DBWI: North Japan was never a communist state.

However, once Nosaka-san passed away in 1993, the Communist government of northern Japan rapidly collapsed, and by 2000, Japan's four home islands were finally unified as a single country again. :)

Today, there is much construction going in northern Japan, especially the long-dreamed of high-speed Shinkansen line from Tokyo to Sapporo. We were actually very fortunate that despite the sad and tragic use of prison labor, the tunnels for this new line from just west of Sapporo all the way to just north of Hakodate are essentially complete--Nosaka-san had them built between 1975 and 1993 as part of a very ambitious project to build a railway line from Sapporo all the way to northern Tokyo. It's only right now awaiting the opening of the Tsugaru Strait Tunnel, which just started running test trains recently.

And now, there is now talk of moving the government back to Tokyo, and the current Emperor--who ascended to the throne in 2015 after his father's passing--is studying the idea of moving the Imperial Palace back to Tokyo on the grounds of Edo Park (OOC: the OTL Imperial Palace grounds west of Tokyo Station).
 
What would change about the relationship between Japan and its neighbors in Asia?

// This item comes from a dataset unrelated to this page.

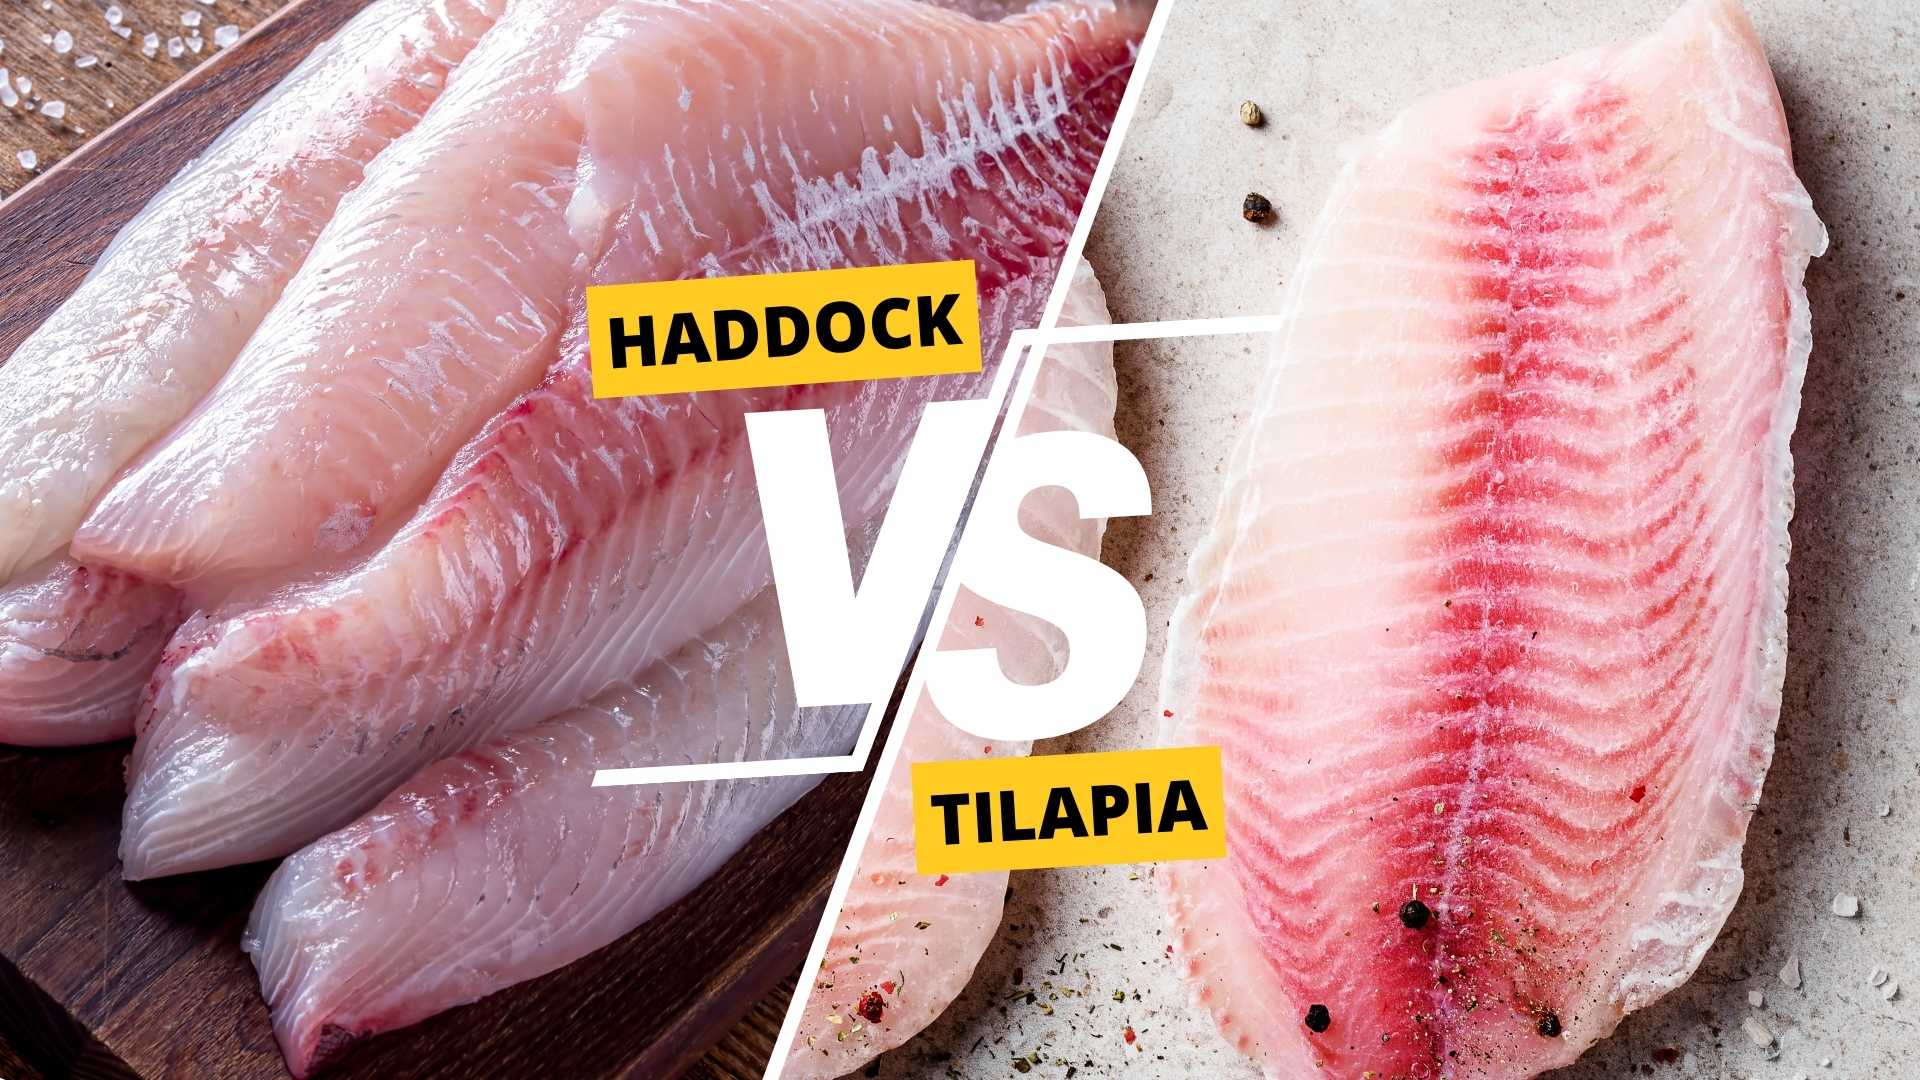 Haddock vs Tilapia

That depends what the prospective government of unified Japan is like. OTL, South Japan's leaders have been very apologetic about the Empire's war-record, even to the point of paying reparations to the families of 'comfort women' from the SE Asian nations. OK, China and Korea don't give them any props for that, but a willingness to accept wrongdoing coupled with how important Japanese companies are to the economies of SE Asia did melt a lot of ice with those countries...as seen by the Pact of Bangkok, or 'SEATO Mark II' as everyone calls it.

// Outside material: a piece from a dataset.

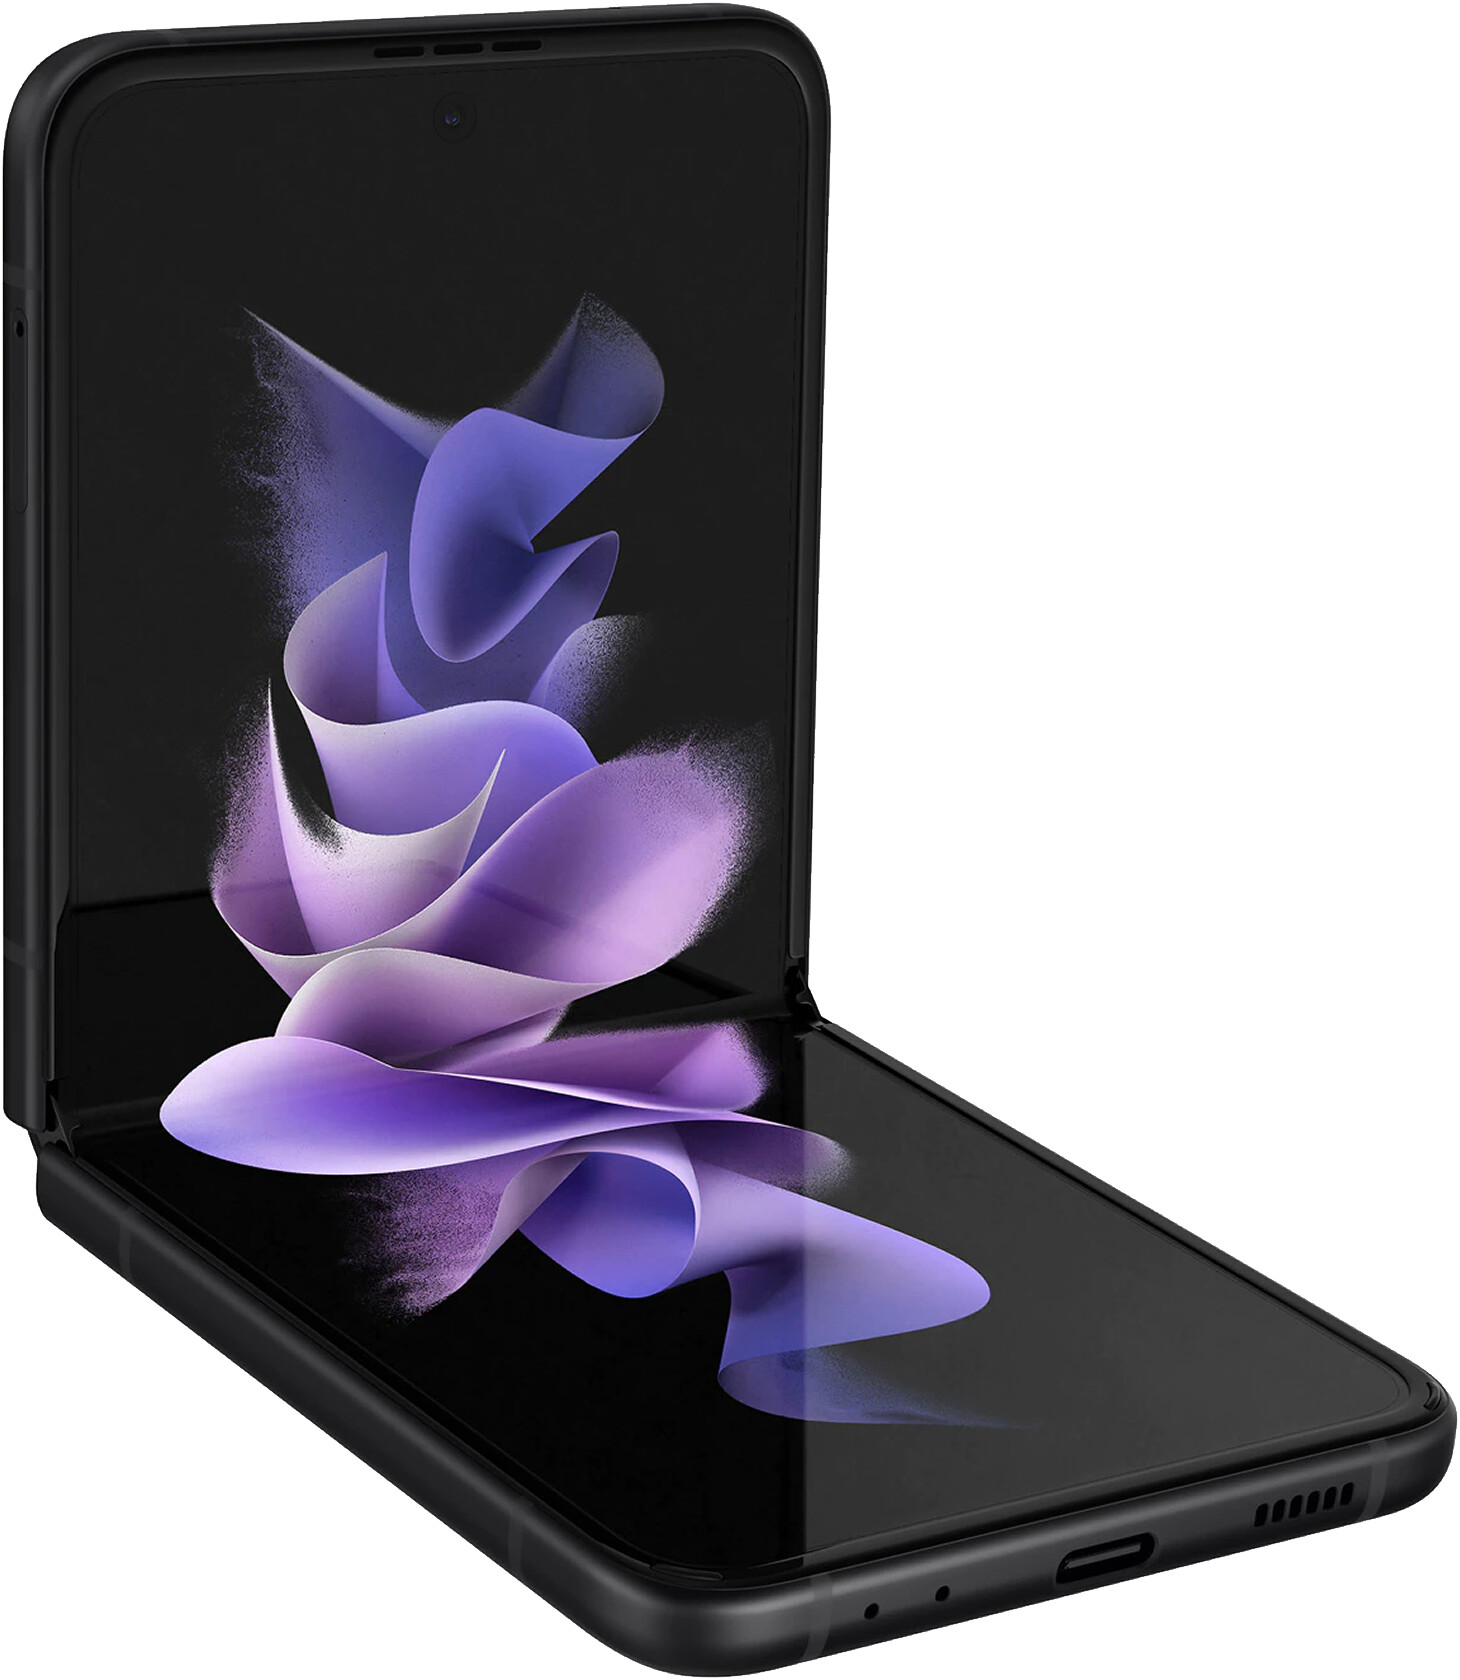 Samsung Galaxy Z Flip4 256GB

And without that...heck, we might have seen Communism spread to SE Asia.
 
One could argue that a desire to see Japan punished harshly is one of the few things that unites the two Chinas (the Nanking-based Republic of China and the Peking-based Worker's Republic of China).
 
One could argue that a desire to see Japan punished harshly is one of the few things that unites the two Chinas (the Nanking-based Republic of China and the Peking-based Worker's Republic of China).

This despite North Japan and the WRC supposedly being 'fraternal Socialist comrades' up until the First Citizen's death :p

But yeah, good luck with that... With the Pact of Bangkok, with a booming economy and with a strong military...one could argue that South Japan won in peace what the old Empire never could in war.